With all this horseshit about censoring the internet, I’ve got to say something. The biggest problem with the legislation to “fix” the internet (SOPA/PIPA), other than the flood of lobbying money that is maintaining congressional support of the bills, is the plain fact that the people talking about doing this do not understand the internet. Imagine explaining how to install Google Chrome to your grandmother. Depending on how hip she is, her answers will range from “Boy, you know I already use Firefox!” to “What the hell is an internet?”. I get the vibe that our congressmen are on the latter end of the spectrum.
I can't make a technical commentary. While, I am not an expert on how domains are stored or how registries work, it is my understanding that the whole idea of deleting the URL of a offending website would detrimentally affect the performance of the world wide web. When my favorite Computer Scientist, Mercer Senior Levi Lewis, finally gets his column approved (tentatively titled “How I Learned How to Stop Worrying and Love the DDoS") you might get a better answer,
There is no doubt most of you are reading this from the Cluster’s website and not the print edition. Over the course of the next year, with my estimation of our circulation and last year’s web traffic, someone will be roughly twenty times more likely to read this online.
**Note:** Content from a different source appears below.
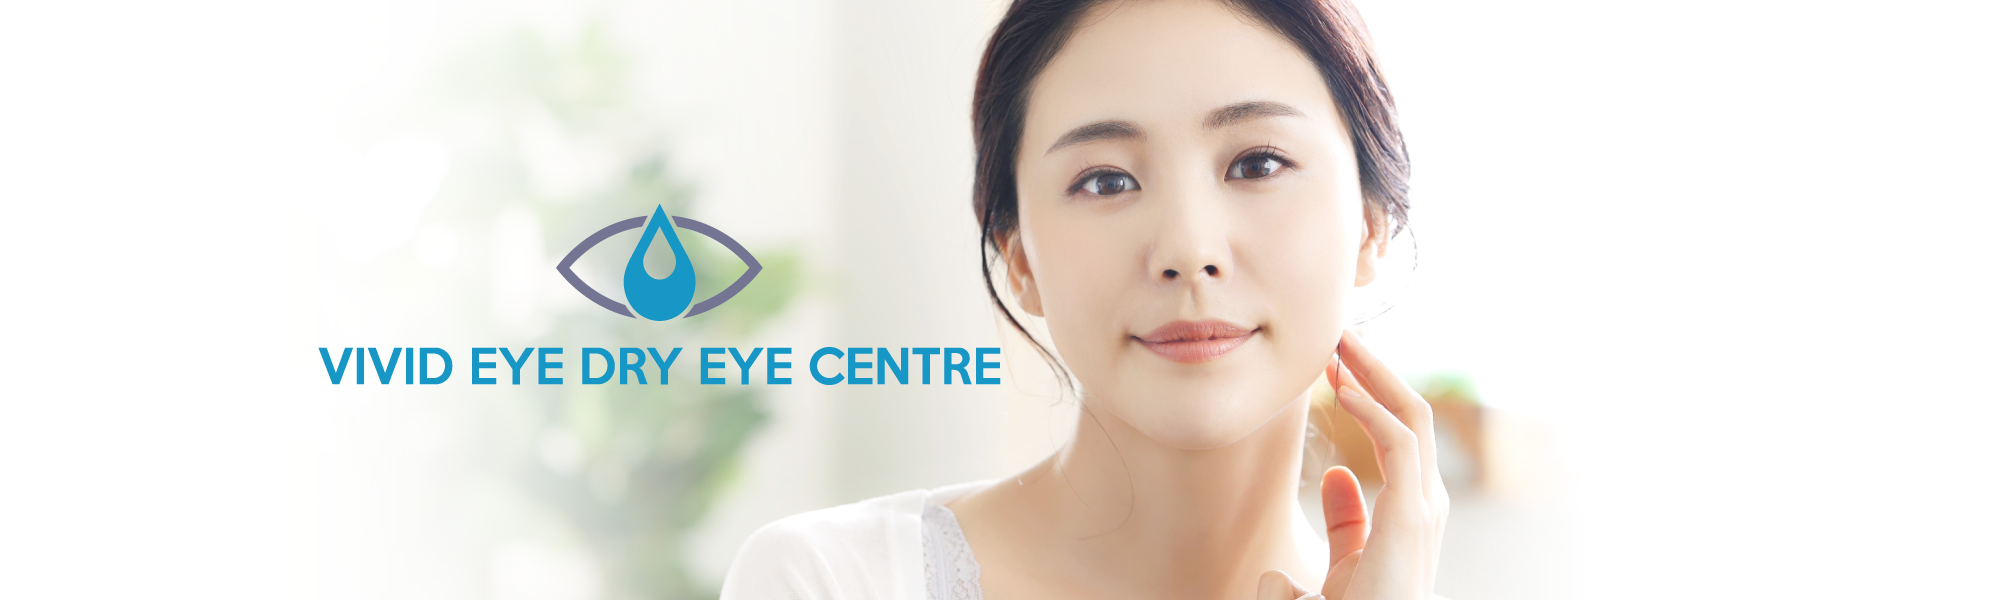 Vivid Eye Dry Eye Centre

That is a beautiful thing.
While piracy is definitely a part of the internet, it isn’t the entirety of the internet. There was once the same astroturf outrage over VCR tape and recordable cassettes. Home recording certainly did not ruin any industry. These anti-piracy claims are cut from the same cloth. Anything from a gun to a paperweight to a pen can be used to aid in underhanded activity. Does that mean that we should nerf our world? No. It is the opinion of this columnist that humanity’s core problems don’t exist because of drugs, alcohol, internet porn or the Pirate Bay. The problem will always lie with people.
So why punish everyone? As of last year, the U.N. declared the internet to be a basic human right. With internet censorship, we squelch voices.
I’ll leave you with an anecdote in defense of the web. When I was growing up, I was a shy kid. I met my oldest friend, Christopher, over SOCOM Navy Seals when we were 12. I’ve never met him. Usually when a 12-year-old talks about a new friend he met online, Chris Hansen asks him to take a seat. No pederasts here, I assure you. If he is, he is the most dedicated in the whole game. But I digress. Enabled by our horrible 12-year-old AIM screennames, we bonded. He remains one of my closest friends. Through a couple of moves and homeschooling, he was able to remain a constant in my life—a relationship that would have been utterly impossible a decade before.
It is through that kind of connection that the internet is on it’s best behavior. National boundaries, race, religion, sexual orientation, and proper grammar melt away. You can connect with people that you truly identify with, not just the people you get stuck next to.